Getting started

Datasets

Datasets are the most important part of a deep learning project. A model can only be as good as the data it trains on. In other words, garbage in, garbage out.
This motivates the need to carefully curate datasets, and to iterate on them often to improve their quality, size, and diversity.

Our dataset formats aim to be easily understood by humans; it therefore puts more emphasis on clarity than it does on efficiency compared to most other formats used in research.
If you have very large datasets, for which efficiency is necessary, please contact us at support@sihl.ai.
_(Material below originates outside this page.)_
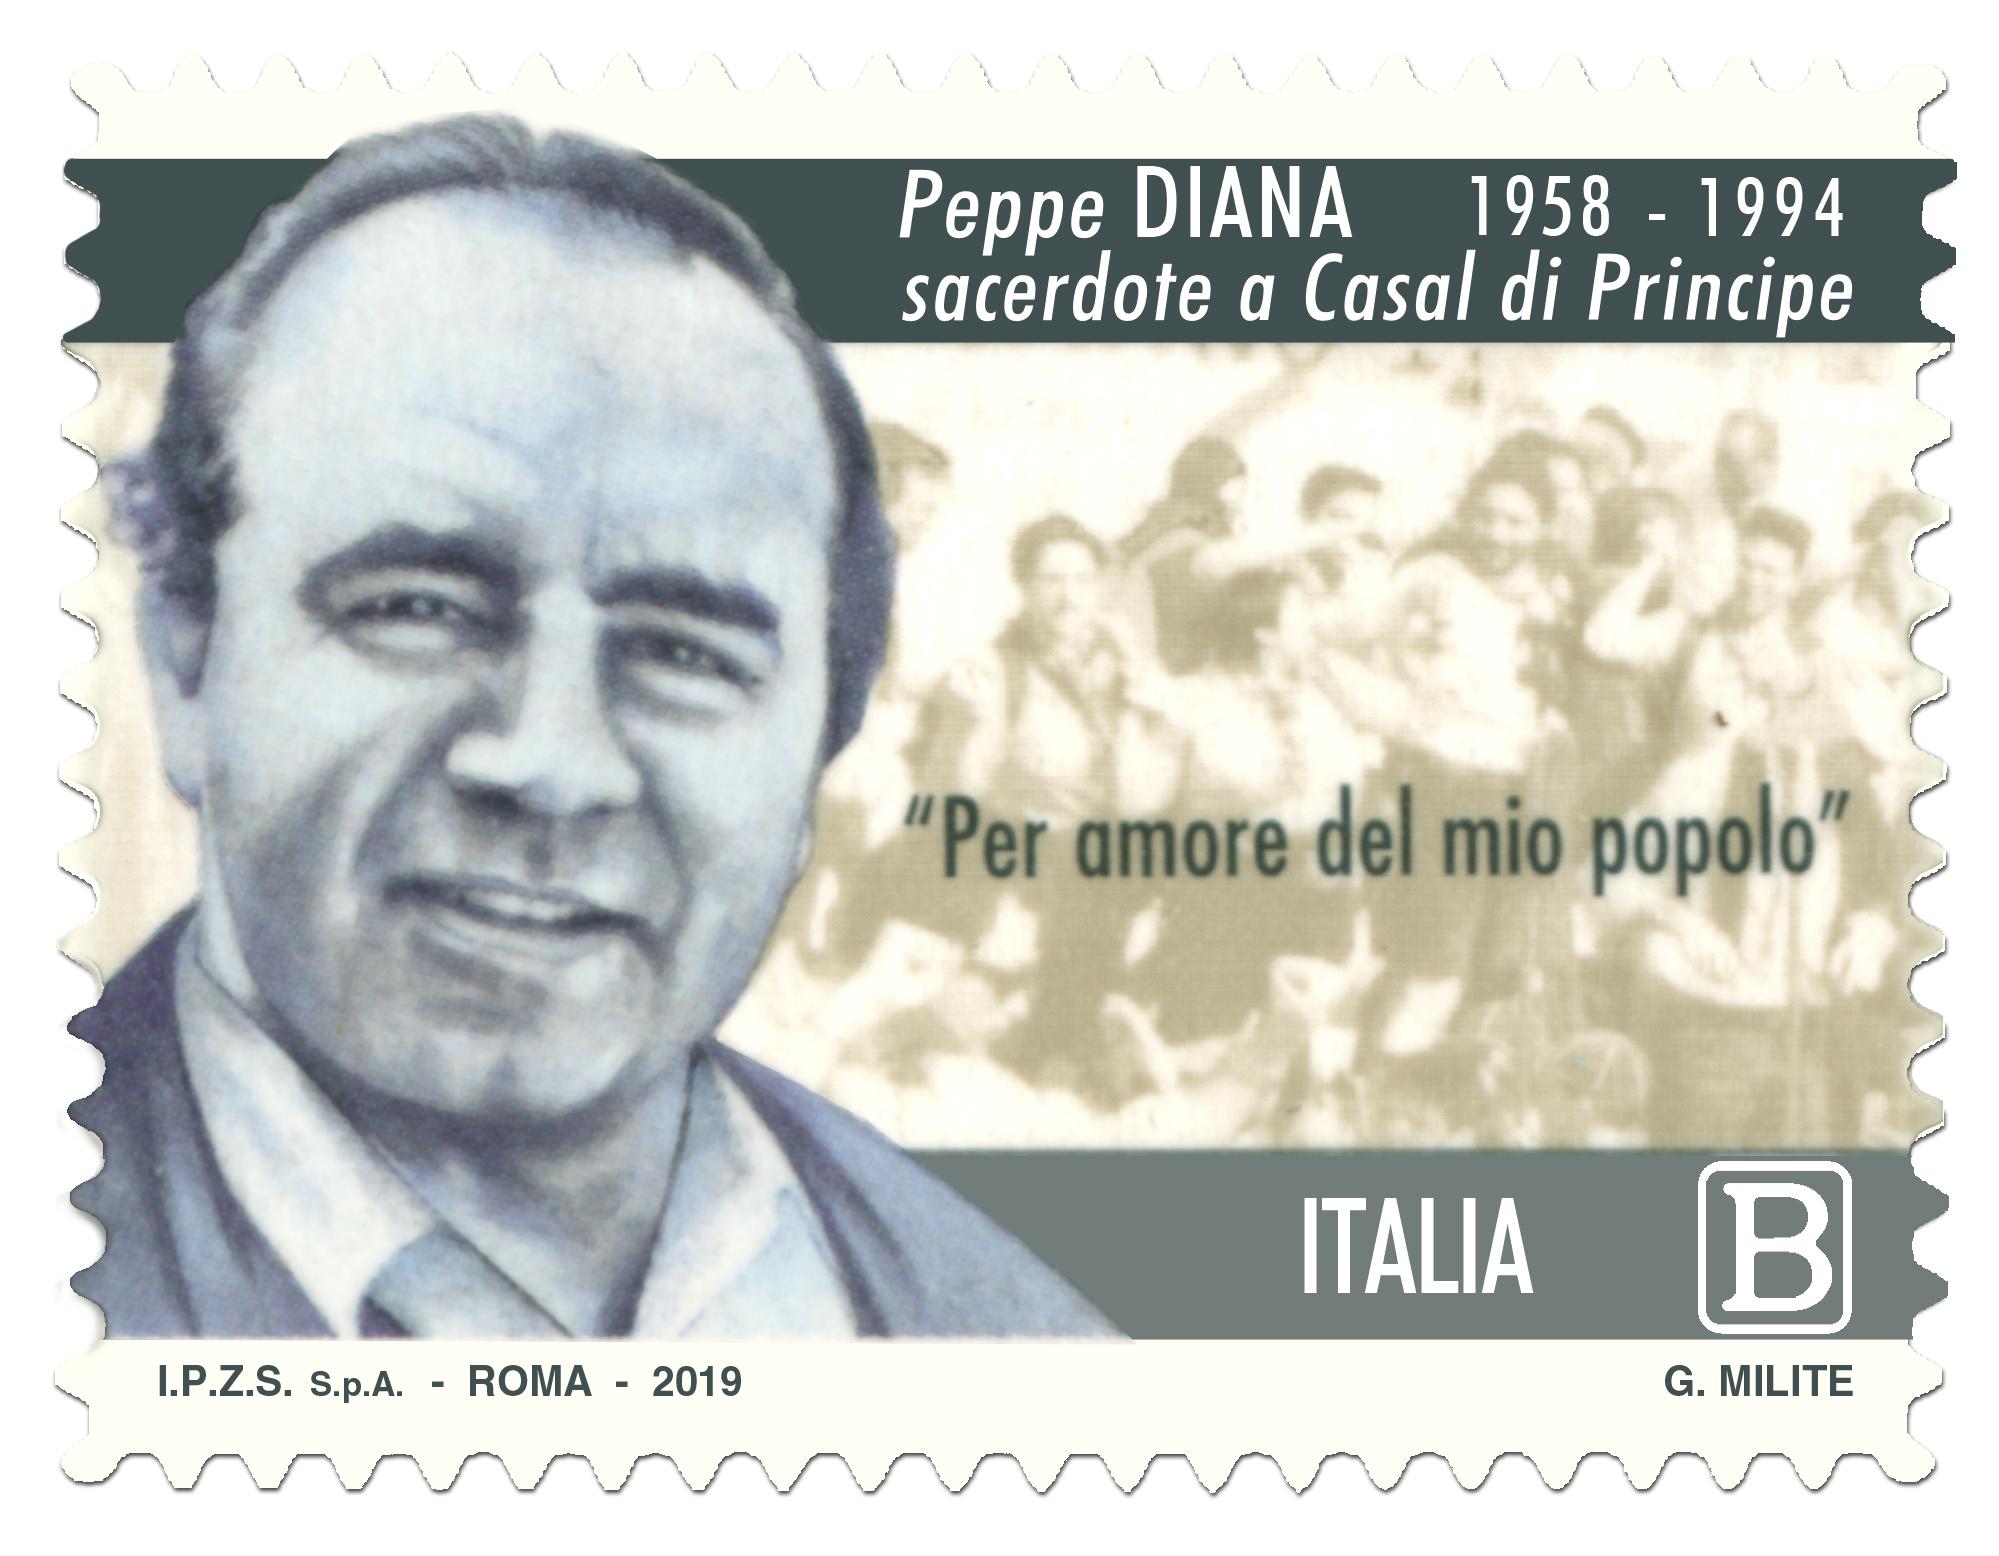 Oggi Poste Italiane ha emesso un francobollo dedicato a don Peppino Diana

Dataset formats usually follow a structure similar to this:

.
├── images/
├── metadata.yaml
└── annotations.yaml

Sihl AI expects datasets to be stored in an S3-compatible object storage. Such storage units need these pieces of information to access:

To interact with such object storage services, we recommend using graphical apps like cyberduck or command-line tools like s5cmd.

The images/ folder is always required. Supported formats are JPEG (".jpeg" or ".jpg"), PNG (".png") and TIFF (".tiff" or ".tif").

For self-supervised tasks (view-invariance learning, autoencoding and anomaly detection), only the images/ folder is needed.

The metadata.yaml file is required for supervised tasks, and provides information about the dataset as a whole. It must be named "metadata", be can be YAML (".yaml" or ".yml") or JSON (".json") formatted.

The metadata file might specify some annotation file(s) or folder(s) depending on the task(s). For example, a scene text recognition dataset might have a annotations.yaml file containing image name to text string mappings, while a panoptic segmentation dataset might have a annotations/ folder containing PNG segmentation maps.
When annotations specify pixel coordinates, we always consider the origin at the top-left of the image (x increasing to the right and y increasing to the bottom).

x y

Refer to each task's docs to get more details about the corresponding annotation format.

Some datasets have multiple types of annotations per image. A very popular example is the COCO dataset, which contains object detection, keypoint detection, instance segmentation (and more) annotations per image!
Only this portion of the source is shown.